Hyperbolic 3-manifolds with a single cusp have canonical ideal triangulations constructed by Epstein and Penner via a certain convex hull construction involving the light-cone in the hyperboloid model of hyperbolic space. (Occasionally, these “triangulations” are really cellulations more complicated cells.) When such a 3-manifold fibers over the circle, there is another type of natural triangulation, called a layered triangulation. Roughly, one starts with a certain ideal triangulation of the fiber surface, looks at the image of this triangulation under the bundle monodromy, interpolates between these by a series of Pachner moves which can then be realized geometrically by layering on tetrahedra.

When the fiber is a once-punctured torus, these two type of triangulations coincide. This was shown by Marc Lackenby using a remarkably soft and elegant argument. It’s natural to wonder whether this phenomena occurs more broadly. For instance Sakuma suggested considering the following:

**Conjecture:** *Canonical triangulations of punctured surface bundles are always layered.*

Saul Schleimer and I have discovered that this is false in general. In particular, the manifold *v1348* from the SnapPea census is fibered by a once-punctured surface of genus 5 yet has a canonical triangulation which is not layered. Precisely, the canonical triangulation does not admit one of Lackenby’s taut structures so that the resulting branched surface carries something with positive weights.
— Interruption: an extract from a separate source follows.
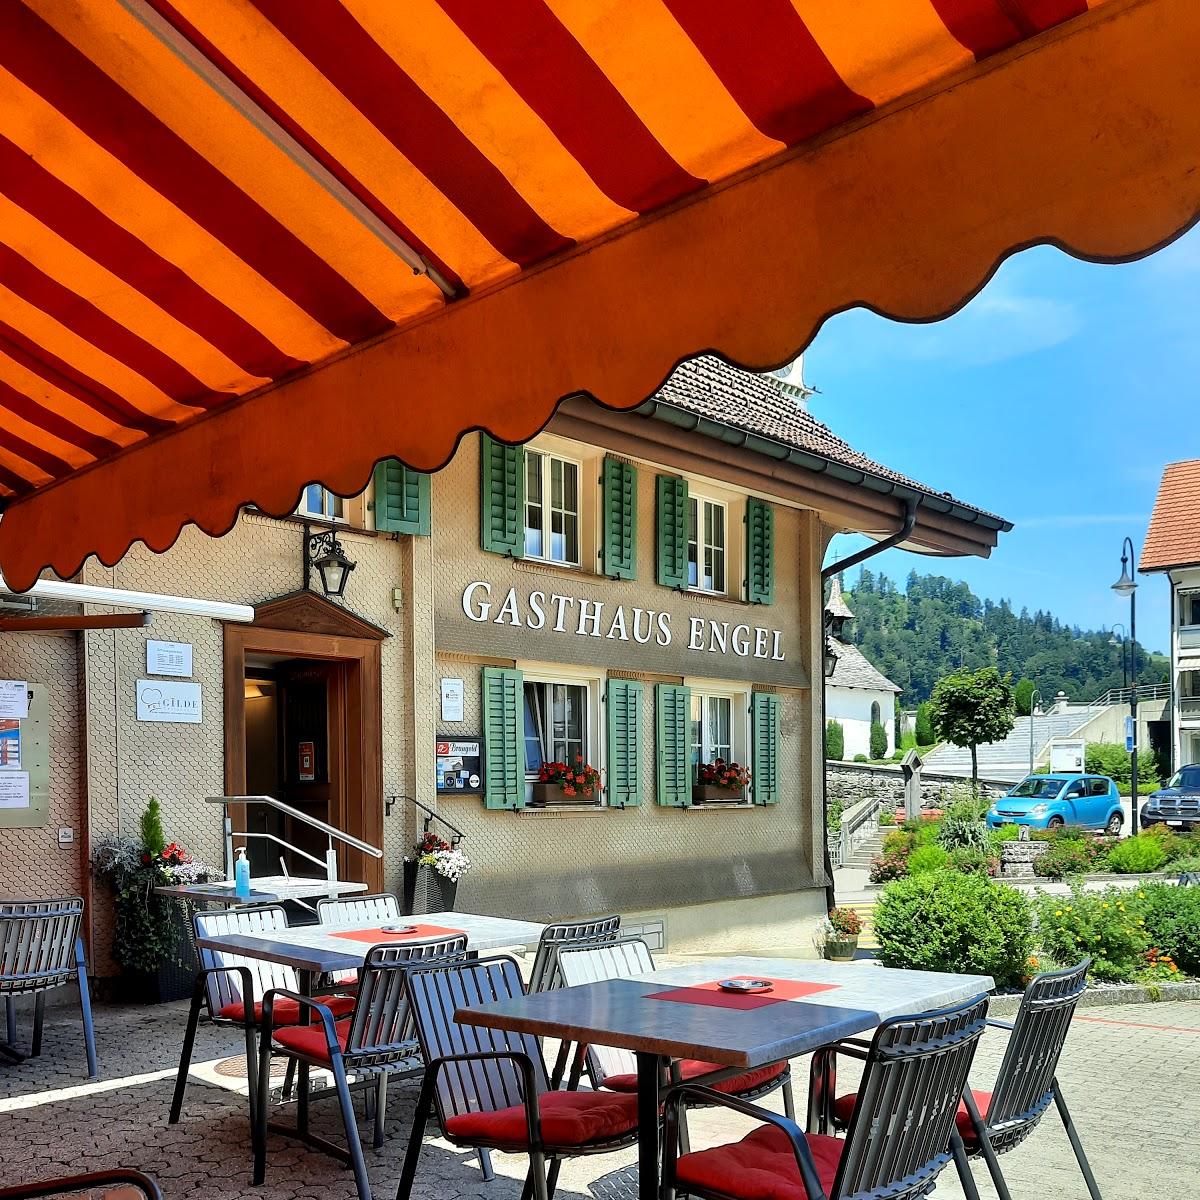 Restaurant "Gasthaus Engel" in Hasle
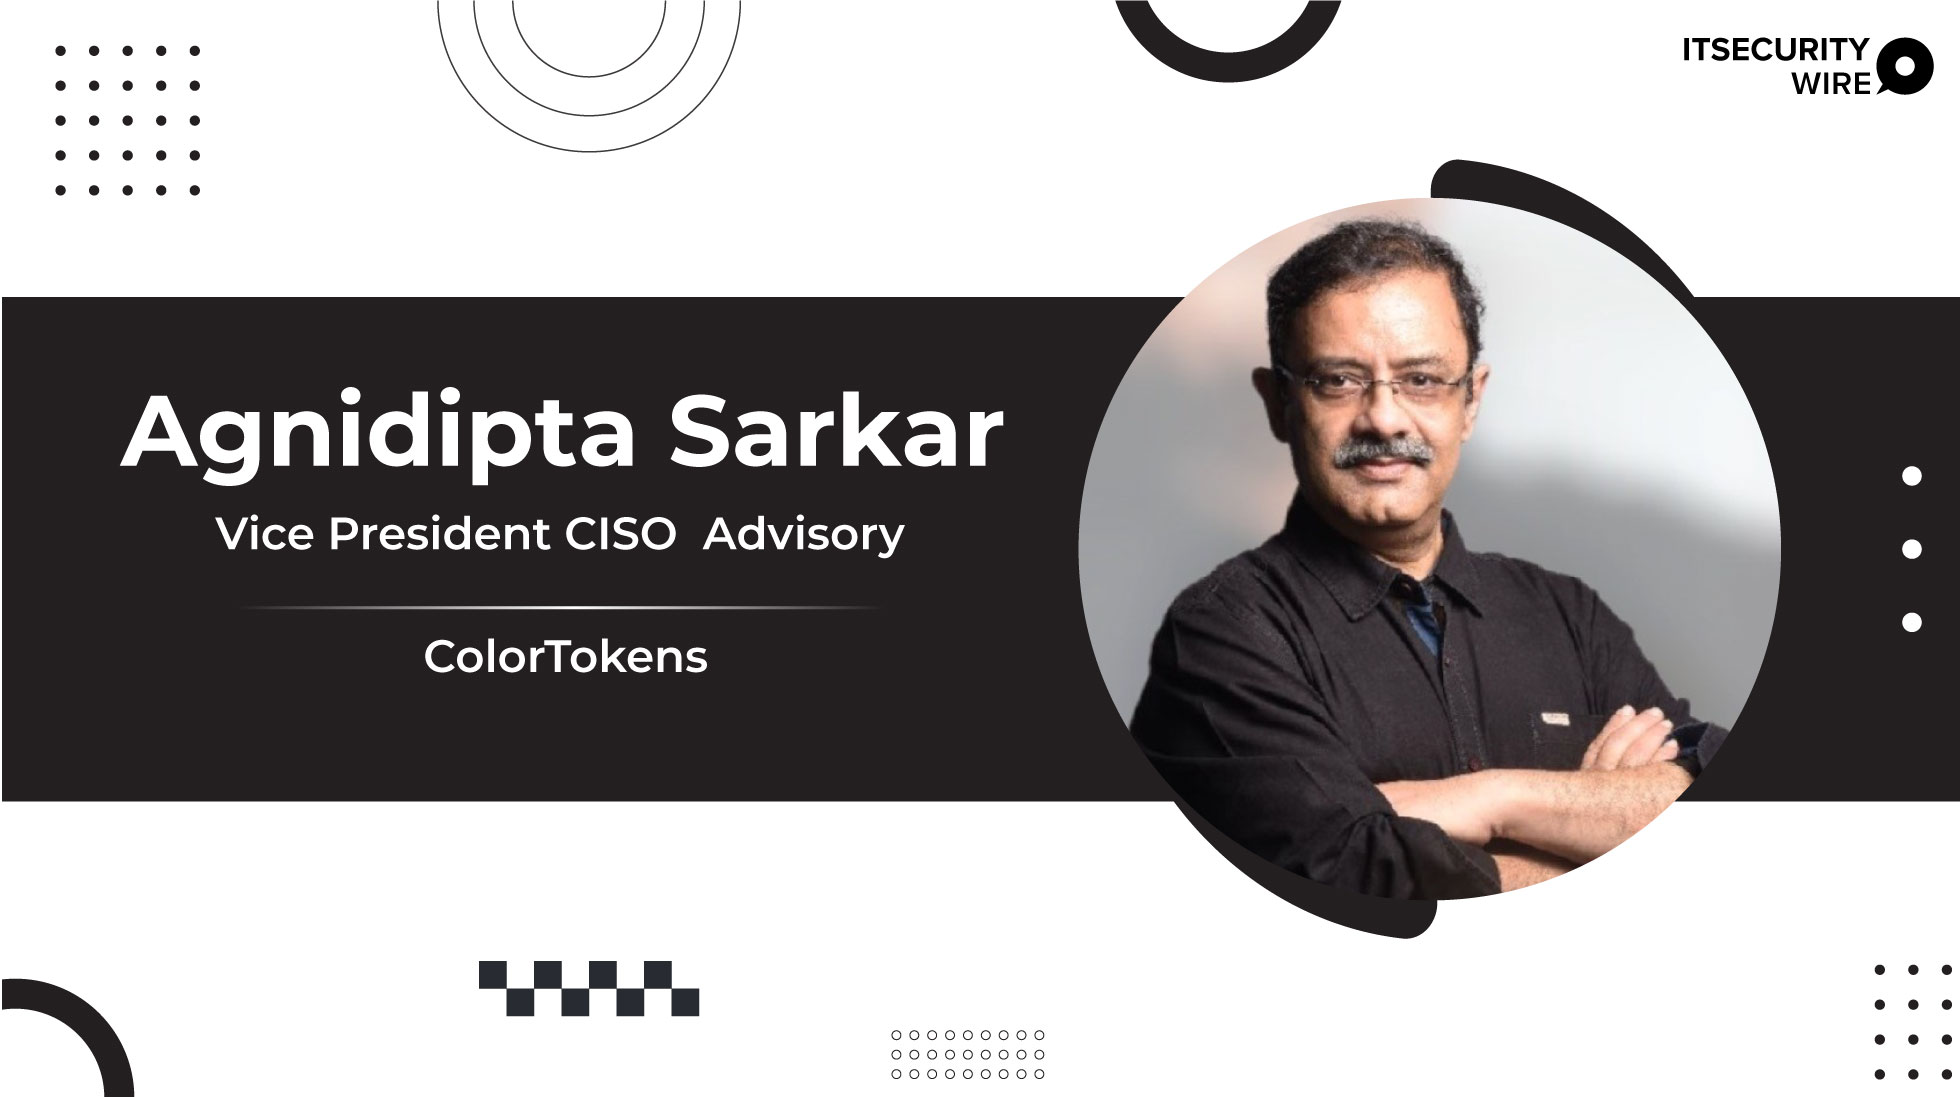 ColorTokens Welcomes Agnidipta Sarkar as Vice President CISO Advisory

Note that *v1349* is in fact the complement of a certain knot in the 3-sphere [CFP].

**Technical details:** The canonical triangulation of *v1348* is in fact just the triangulation encoded in the SnapPea census (and it is a triangulation, not a celluation). It’s easy to check that it fibers using the BNS invariant (cf. [DT]), and compute the genus of the fiber from the Alexander polynomial. One then checks that there are no taut structures of this type using Marc Culler and I’s t3m Python package.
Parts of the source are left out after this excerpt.